Friday, 7 September 2012

I go down t'lake and hassle Grans...

BEAVER PATROL!

Well, it had to happen!

On the shores of Lake Placid Barcroft, an 83yr dear little white haired kindly granny was walking along, when suddenly...


All frothy at the orifice, ole beaver leapt on the woman's leg like some scissor sister trying to dry hump her to death. Ouchie - Beaver teeth sink in, like vagina dentata, as the erstwhile befriender of the Pensievies went rabid and went on a 20 minute pensioner pig-out!

Quite clearly, Mr Beaver fell afoul of the now legenday grammar Meme, and misheard the fisherbloke saying "Let's eat, Granny" and took it for "Let's eat Granny!" and decided to munch her up before taking her still warm corpse back to it 's Narnian dam.
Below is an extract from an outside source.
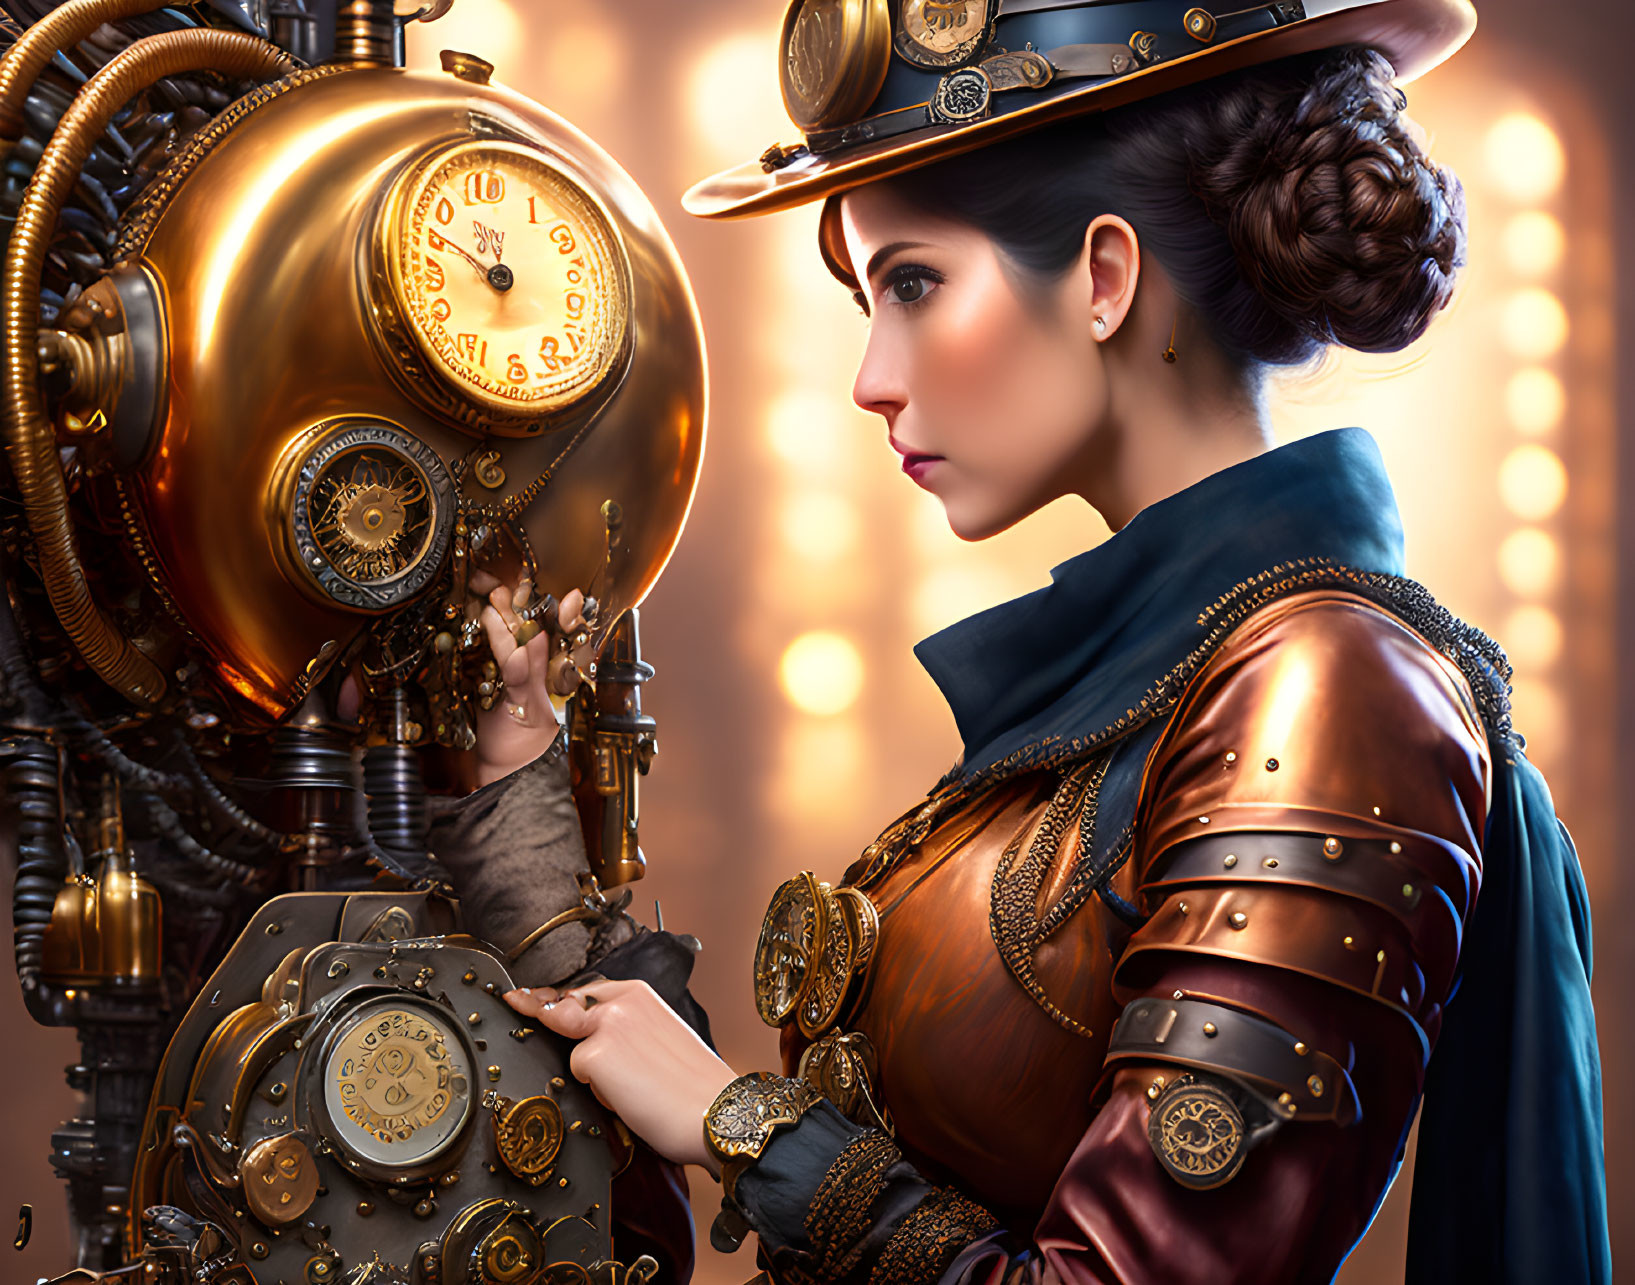 Steampunk-themed woman in top hat with intricate machinery and vintage aesthetic
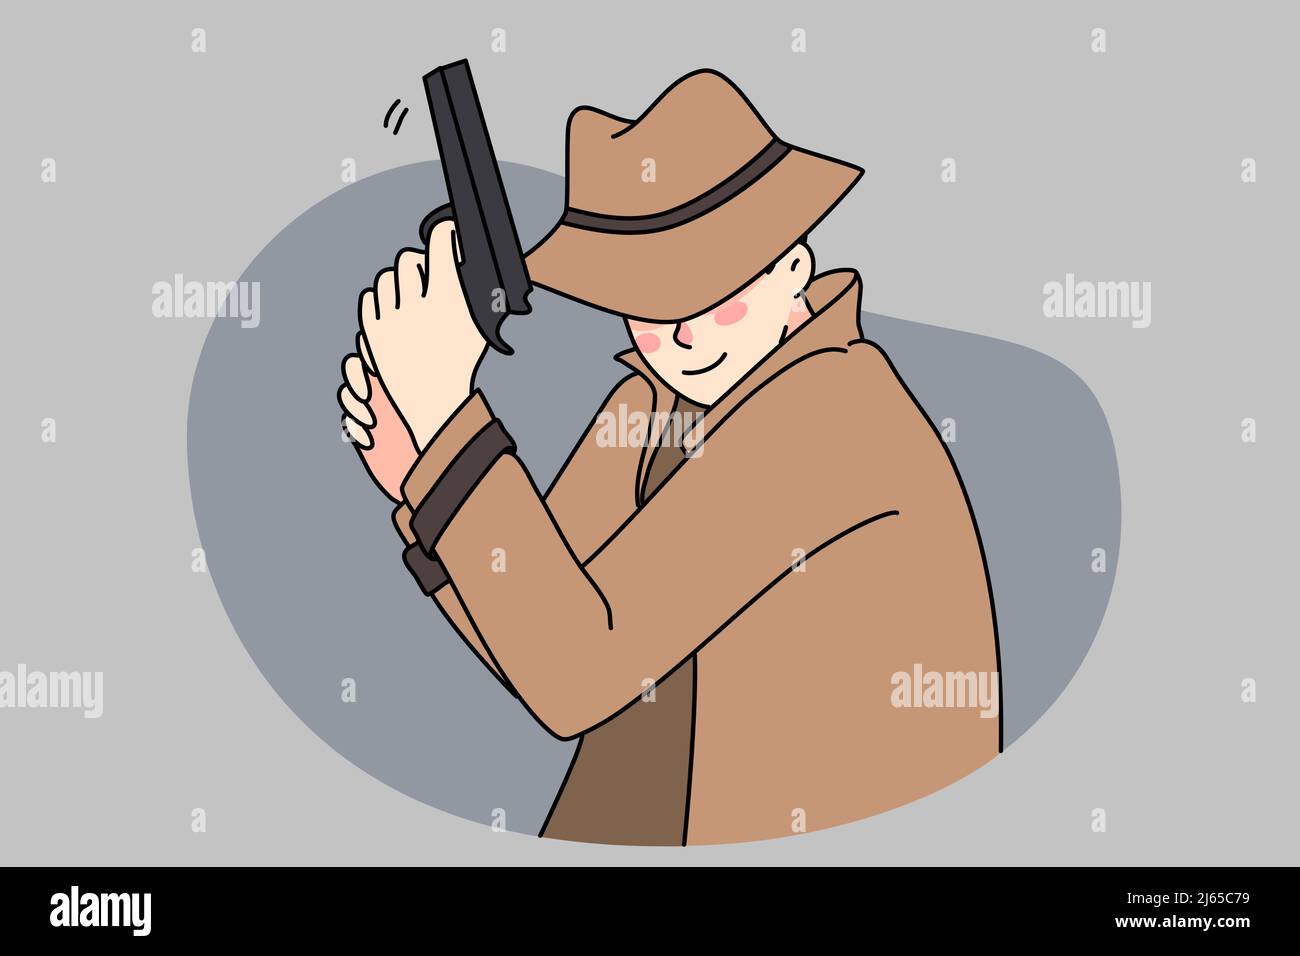 Male detective in coat and hat holding gun spying for criminal or suspect. Man spy or police officer undercover pursue offender with firearm. Private agent work. Vector illustration.  Stock Vector

Unfortunately for the starving Castor canadensis, the granny was well used to beating a beaver, and took to it with a paddle, a walking stick and slapping at it with her hands.

Before trying to gouge out it's eyes.

After finally fighting the beaver off, it seems Grandmamma has been impregnated not with babies, but with rabies (assuming the frothing at her gushing gash is a sympton of rabies, and not a result of orgasmic pleasure after her beating her beaver off)

Oh, the perils of killer beavers...

...although, come to think of it...

...yes, you guessed it...

...you should know Xym well enough by now...

...altogether now...

I wouldn't mind death by beaver, if you know what I mean (and I'm sure that you do! And if you don't, there's something seriously wrong with you!)